Ну и как же должен был реагировать на это Горбачев? Ельцин, судя по «Исповеди» представлял себе следующие варианты: «Он вызовет меня к себе? Или позвонит, попросит успокоиться и работать так, как я работал раньше? А может быть, мое письмо об отставке поможет ему осознать, что ситуация в высшем руководстве партии сложилась критическая и надо немедленно предпринимать какие-то шаги, чтобы обстановка в Политбюро стала здоровой и живой?..
Я решил не гадать. Мосты были сожжены, назад дороги не было»…

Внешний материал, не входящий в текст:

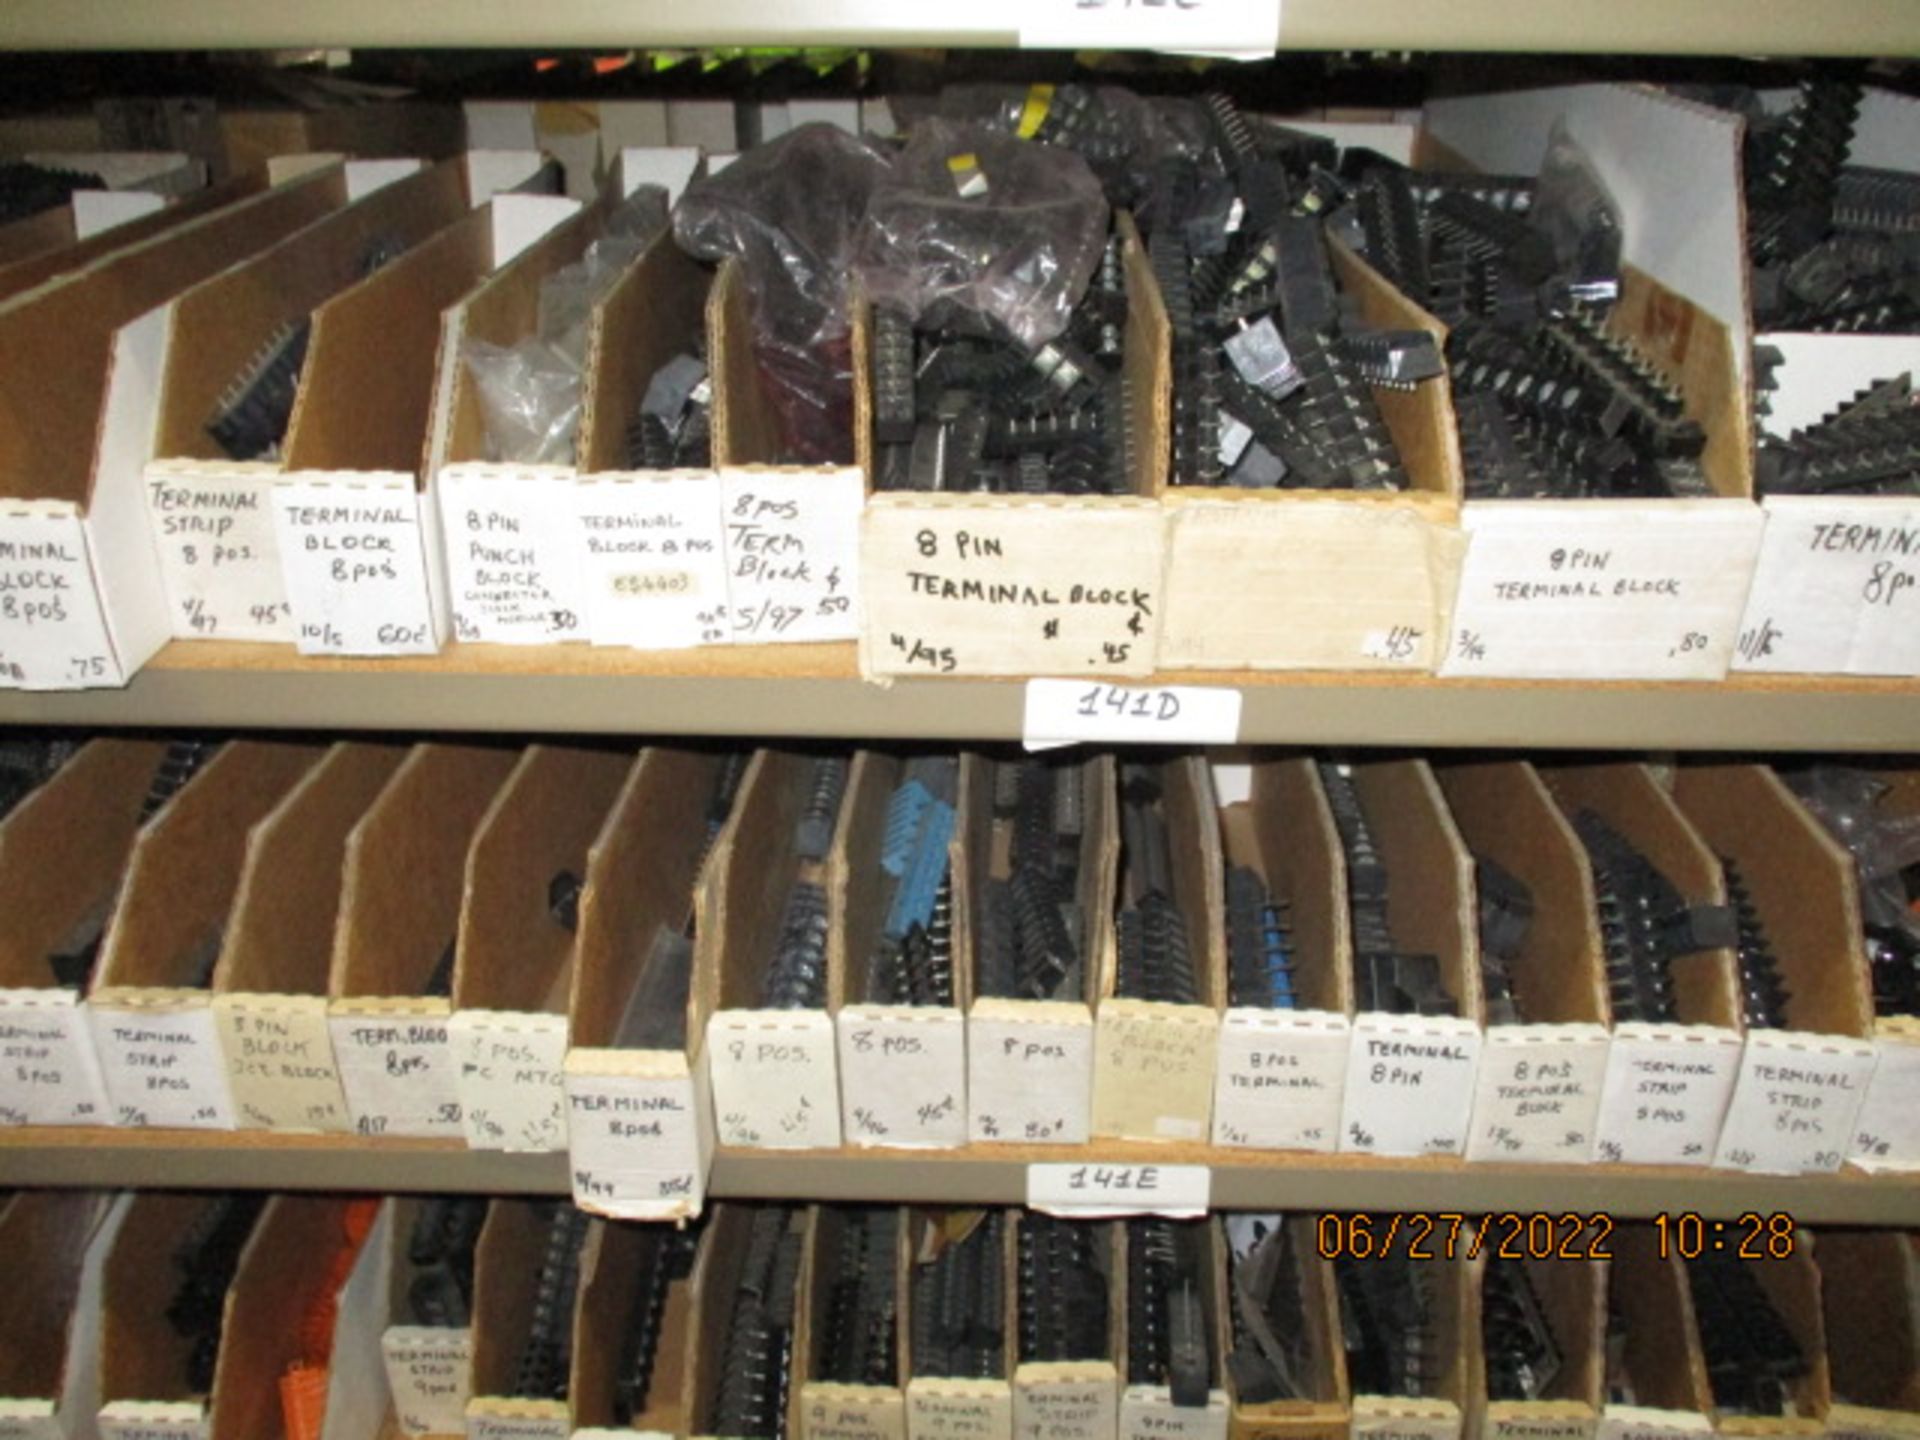 CONTENTS OF SHELVING UNIT CONSISTING OF INSULATORS, COVERS, 2-10 PIN CONNECTORS - Image 3 of 5

«Решил не гадать», но три предположения в Исповеди» все же делает. На первом месте стоит поездка к Горбачеву на юг. Чтобы там, значит, в неформальной обстановке («без галстуков»?) обсудить все… Это лучший вариант. Тут предполагается, что Михаил Сергеевич сыграет роль Бориной матери, любящей, балующей, спасающей от неприятностей. Второй вариант не предполагает поездки к теплому морю, но тоже не плох. Согласно этому варианту Горбачев должен по-матерински «успокаивать» Ельцина, «просить» его не капризничать, работать по-прежнему. Тут можно будет действовать по обстоятельствам – успокаиваться или капризничать в зависимости от того, как будут вести себя партнеры по этой увлекательной детской игре. Третий вариант сводится к тому, что генсек должен осознать, что «надо немедленно предпринимать какие-то шаги», ибо лично Борис Николаевич больше не хочет работать с нехорошими членами Политбюро. Именно так. Я надеюсь, теперь уже никому не может прийти в голову, что Ельцин был озабочен тем, что из-за всякого рода лигачевых реформы в стране продвигаются плохо. Такие вещи могут, конечно, кого-то заботить, но только не Ельцина. Его письмо вот именно сводится к тому, что ему очень плохо среди злобных партийных товарищей. И к просьбе все радикально исправить. Избавить его от обидчиков.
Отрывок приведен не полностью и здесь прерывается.